Tuvimos que esperar unos minutos hasta que la placenta salió, fue una última pequeña contracción que, después del trabajo realizado hasta ese momento, resulto hasta gratificante. La depositaron encima de una mesa y nos animaron a asomarnos a verla, aunque al papá le advirtieron que podría ser algo desagradable y que no a todo el mundo les gustaba verlo. No obstante, decidió verla. Yo guardo un recuerdo bonito de aquella visión, era como un órgano muy grande, viscoso, rojo lleno de sangre. Había sido el hogar de mi pequeña y había estado dentro de mi, cuidándola y transmitiéndola todo lo bueno y por desgracia, también lo malo que yo tenía para darla. Por último, la enfermera empujo levemente mi tripa, por la zona del útero y noté cómo salía gran cantidad de sangre. Querían que me quedara lo más limpia posible por dentro antes de proceder a limpiar la zona y coser la herida.
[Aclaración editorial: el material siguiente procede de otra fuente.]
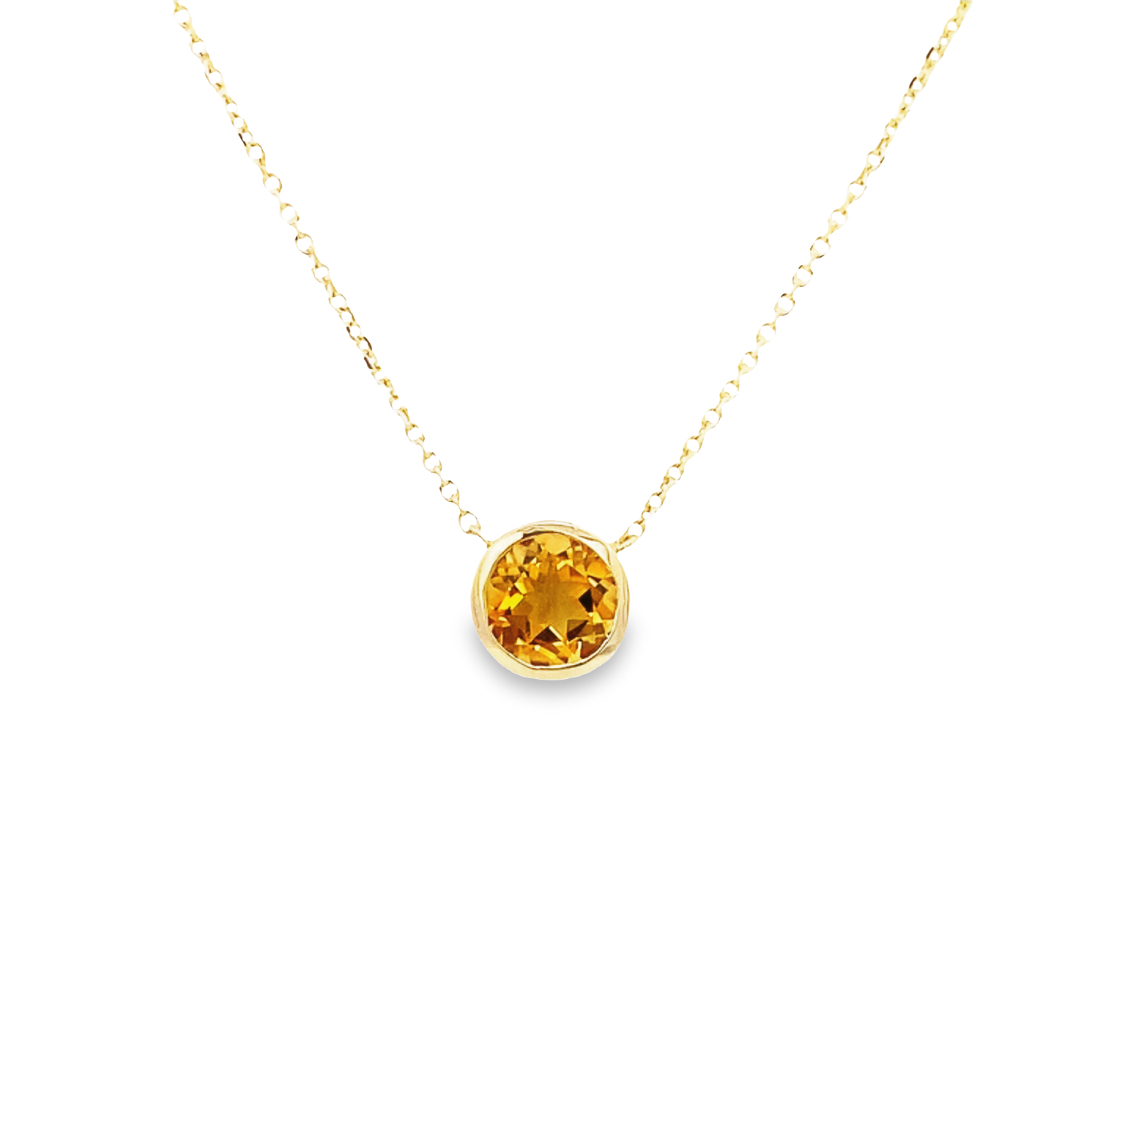 Natural Citrine Necklaces at Wholesale Prices from India's Most Trusted  Jeweler - Rananjay Exports

Comenzaron a coserme, estaba completamente consciente y sentía todo. Noté perfectamente cómo pasaban la aguja o el instrumento que estuvieran utilizando. Le pregunté varias veces a mi matrona cuantos puntos iba a darme ya que era algo me preocupaba bastante tras mi primer parto y aquellos siete puntos que me impidieron sentarme con normalidad al menos durante el primer mes de vida del pequeño que ahora, se había convertido en el mayor. No sabía decirme, tenía que inspeccionar bien la zona antes de decirme algo, pero en seguida me dijo que daría los puntos por dentro, con lo que el desgarro, no se vería. Tras volver a preguntarla, ya me dio la cifra: cinco. Cinco serían los puntos que necesitaba y aquel número me puso triste, pensé si habría sido posible haber tenido aquel parto tan maravilloso sin haberme rajado. Le transmití mi preocupación a mi matrona y ésta me dijo, que tras un desgarro con el primer parto, en éste era casi imposible que no sufriera de nuevo. Aquellas palabras, viniendo de la persona que me había escuchado y apoyado en mis decisiones durante mi parto, me hicieron quedarme más tranquila.
Durante todos estos procesos, seguía teniendo a mi pequeña en brazos. Nos preguntaron cómo se llamaría, como se llamaba su hermano, qué edad tenía... Y papá y yo nos mirábamos con una gran complicidad y con unos ojos llenos de una ilusión infinita. Cuando acabaron de coserme me ayudaron a pasar a la primera camilla en la que me habían transportado de la sala de dilatación a aquella sala de parto. El trasvase lo hice con mi pequeña en brazos y ni el más tremendo terremoto iba a hacer en ese momento que yo soltara a mi pequeña.
Quiero terminar recordando cómo en aquella camilla, con mi pequeña en brazos, papá a mi lado, mi matrona frente a mi y dos pediatras de neonatos que acababan de volver a entrar en escena después de haber desaparecido al ver que el parto estaba siendo cómo debía, en manos de la matrona. Con toda aquella gente a mi alrededor, comencé a llorar y a apretar a mi pequeña contra mi. Esto hizo que estas tres mujeres que nos acompañaban terminaran también llorando y siempre recordaré la frase de una de ellas: "qué parto tan bonito"."